● WHAT YOU WILL DO:
Strip out the pictures and output each remaining line of the data word for word.

(DATA EXTRACT Opens)

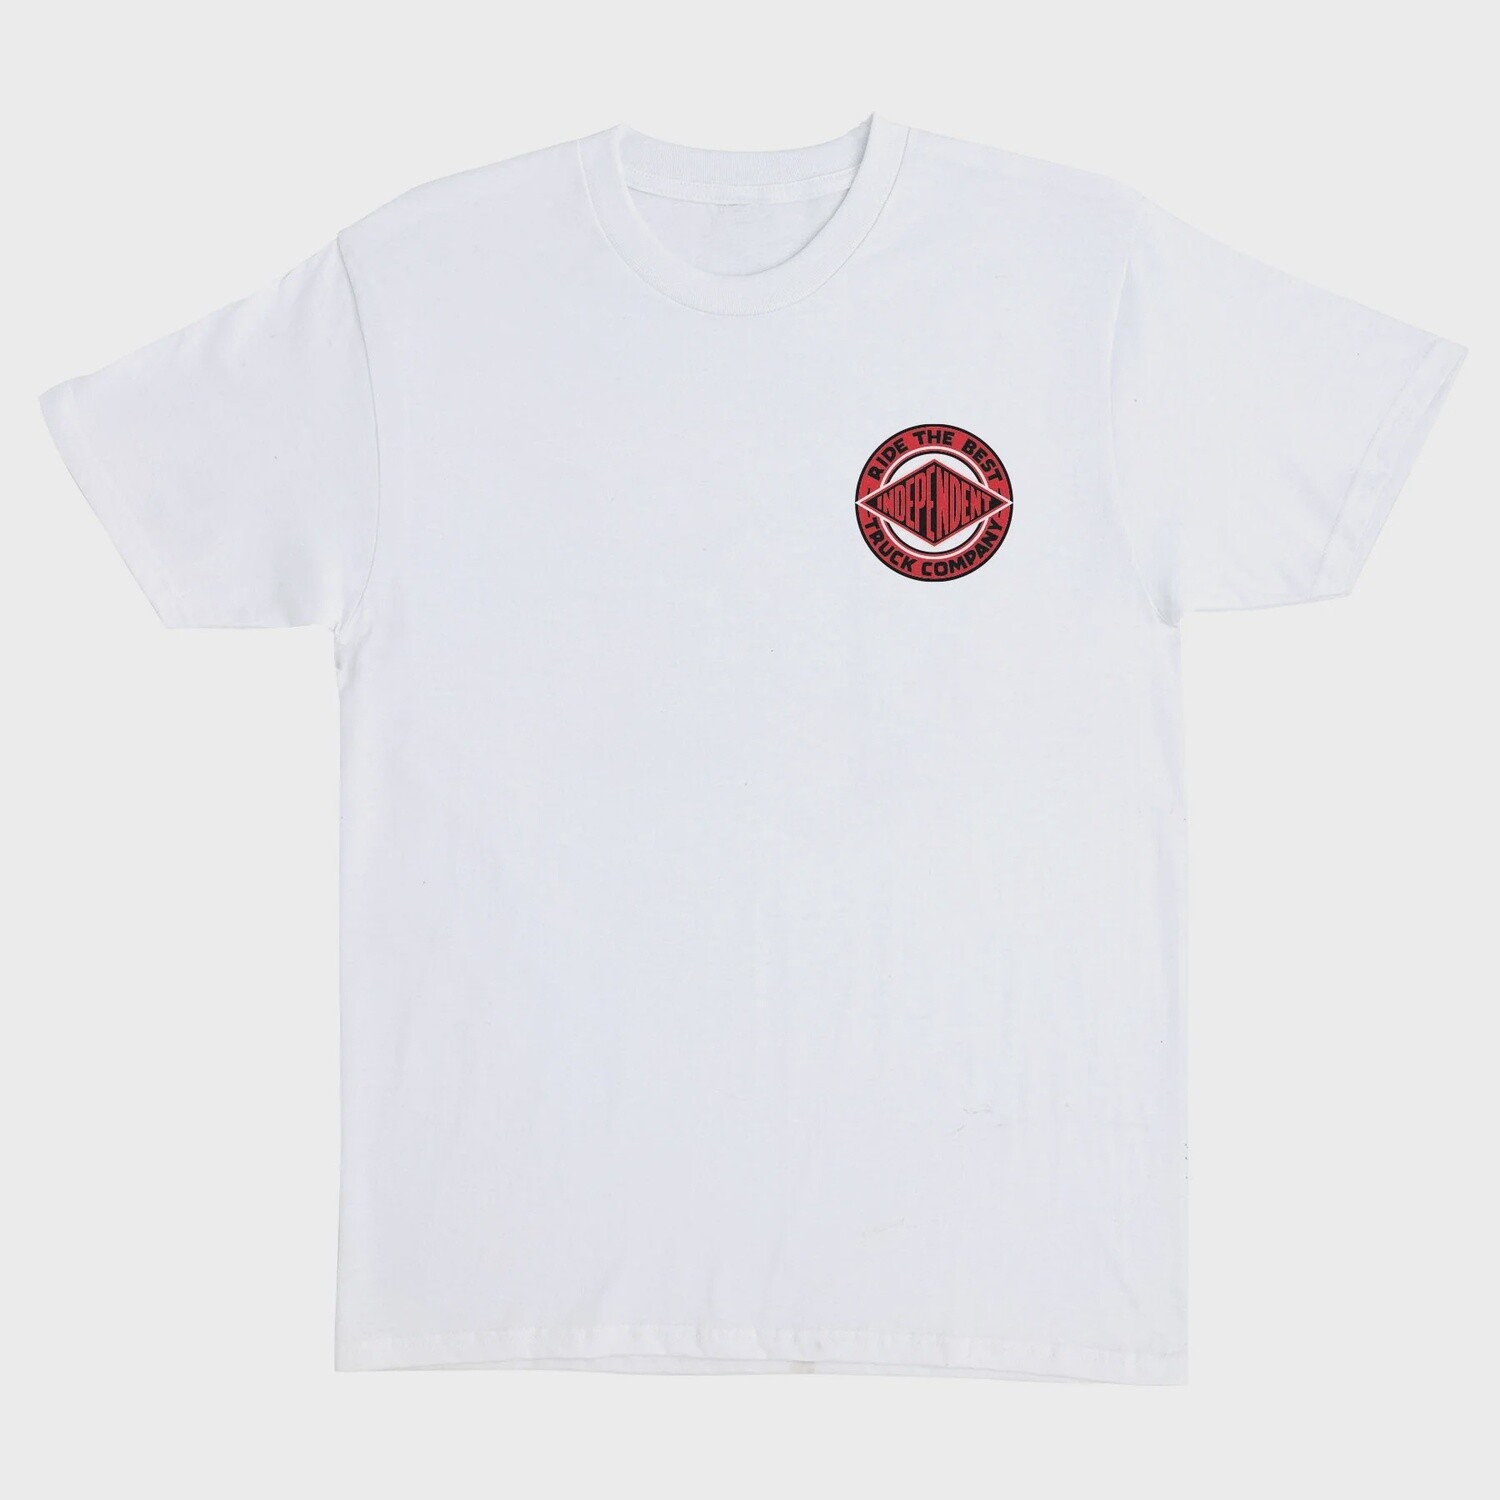 Independent BTG Summit White W/ Red T-shirt
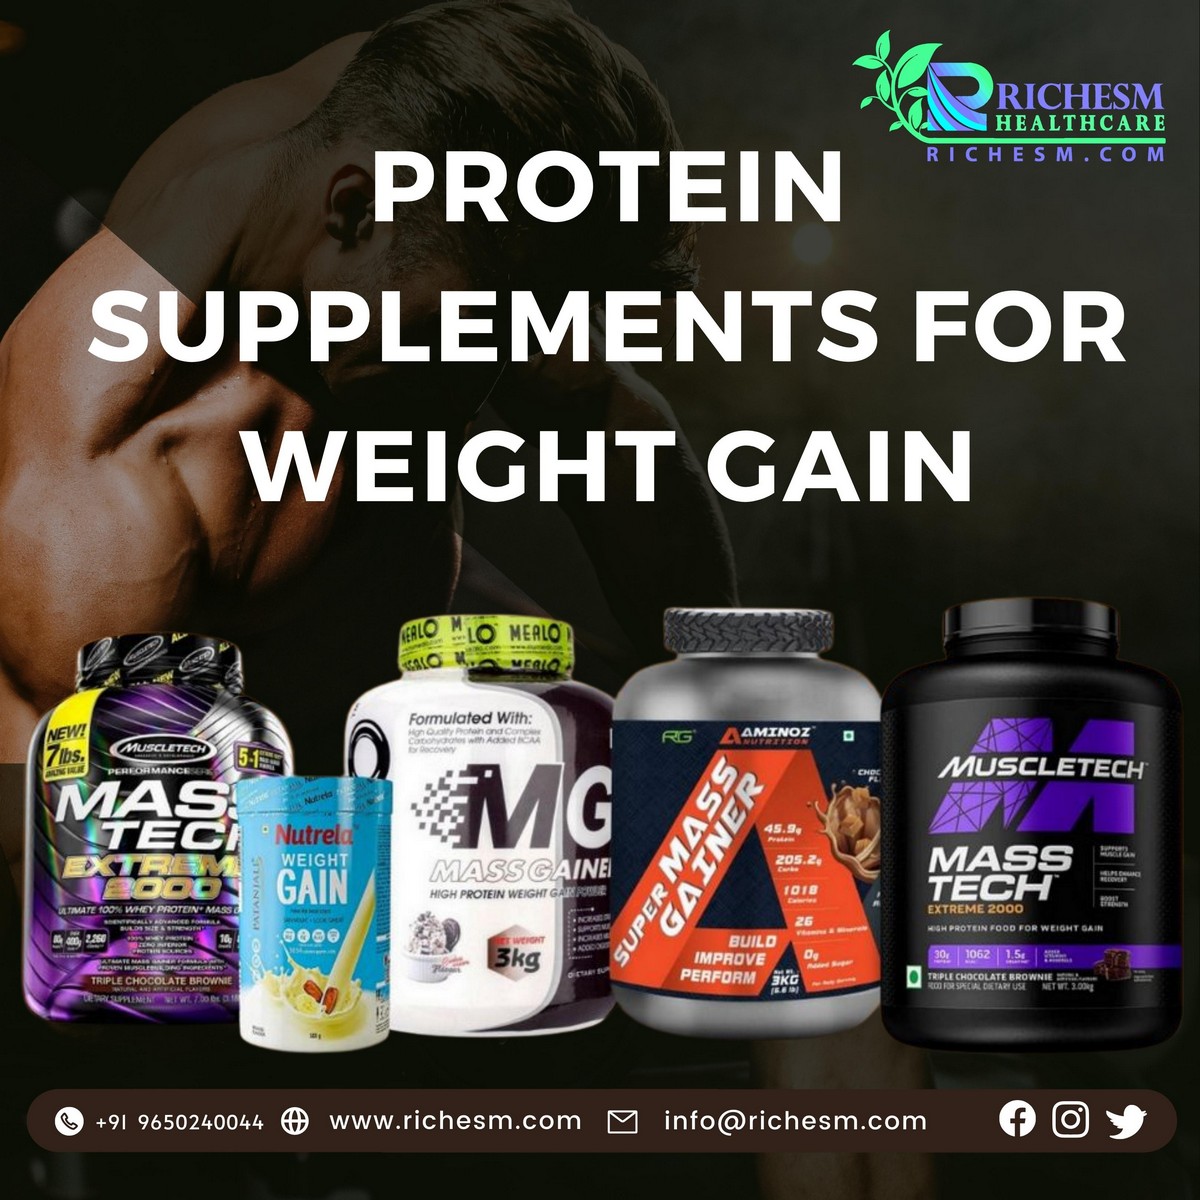 Protein supplements
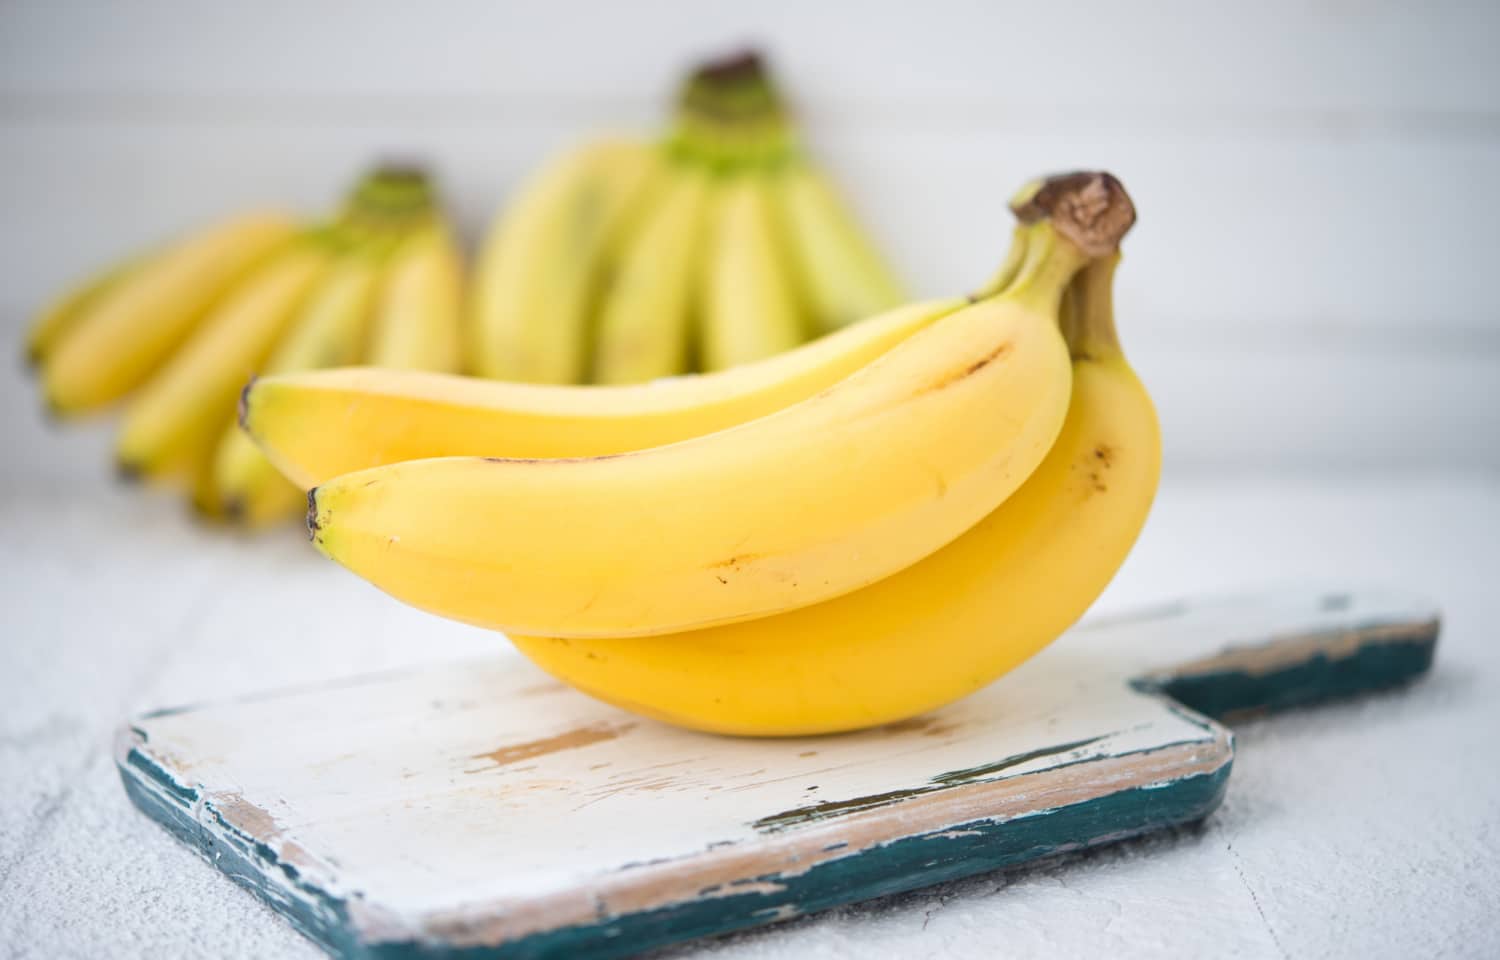 Napi 3 banán csodát művel az egészségeddel
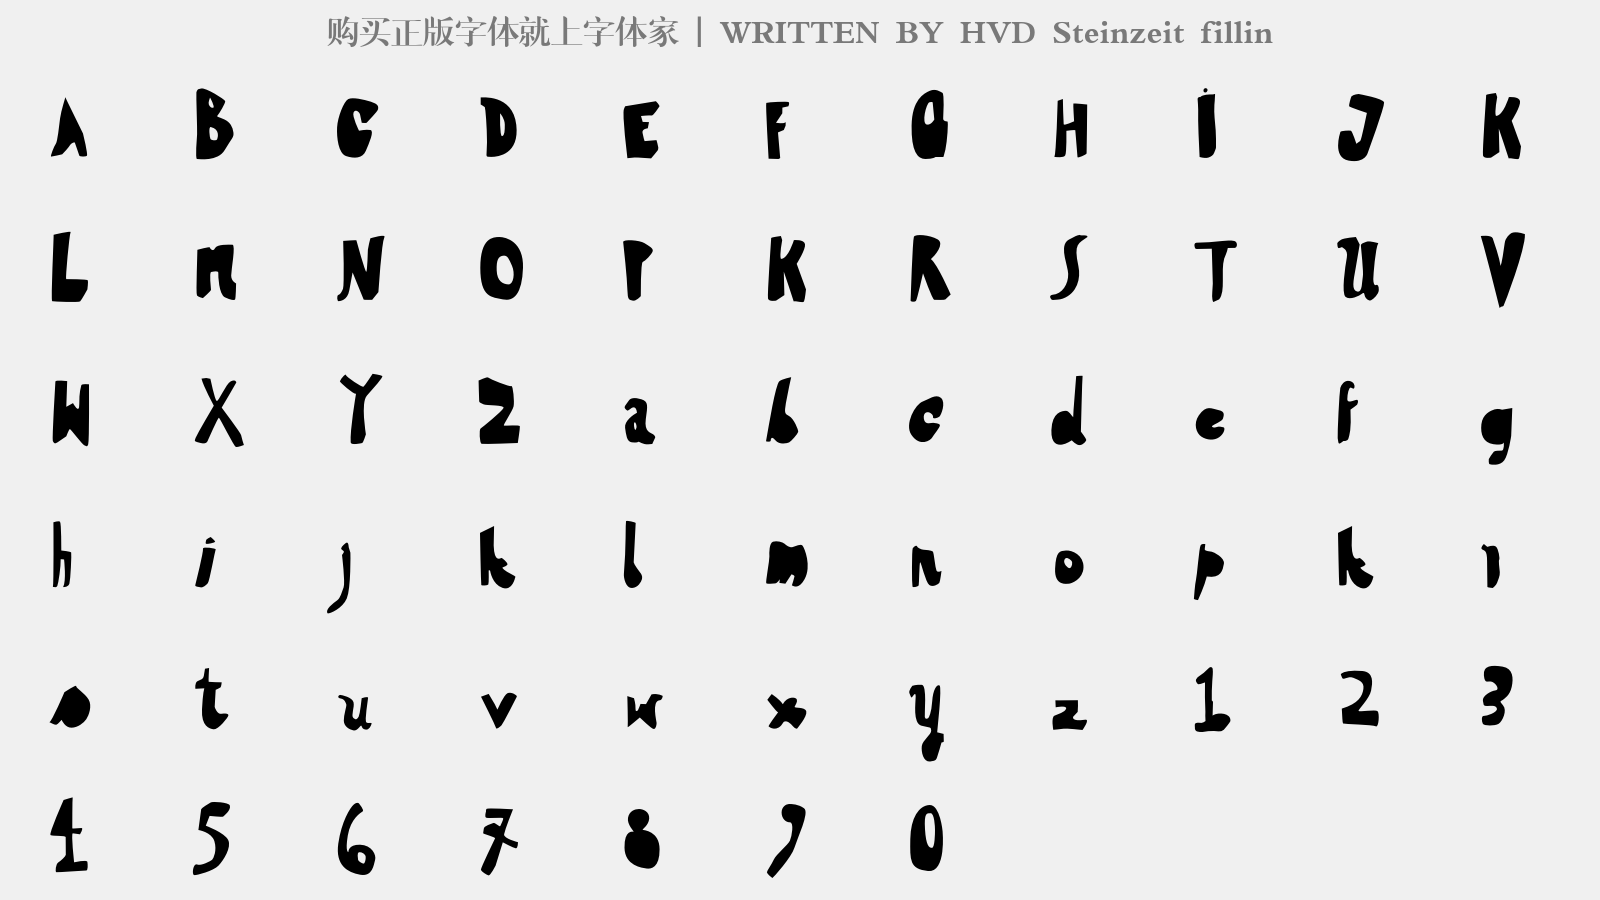 HVD Steinzeit fillin - 大写字母/小写字母/数字

(DATA EXTRACT Closes)

● YOUR RESPONSE:
 Independent BTG Summit White W/ Red T-shirt
 Protein supplements
 Napi 3 banán csodát művel az egészségeddel
 HVD Steinzeit fillin - 大写字母/小写字母/数字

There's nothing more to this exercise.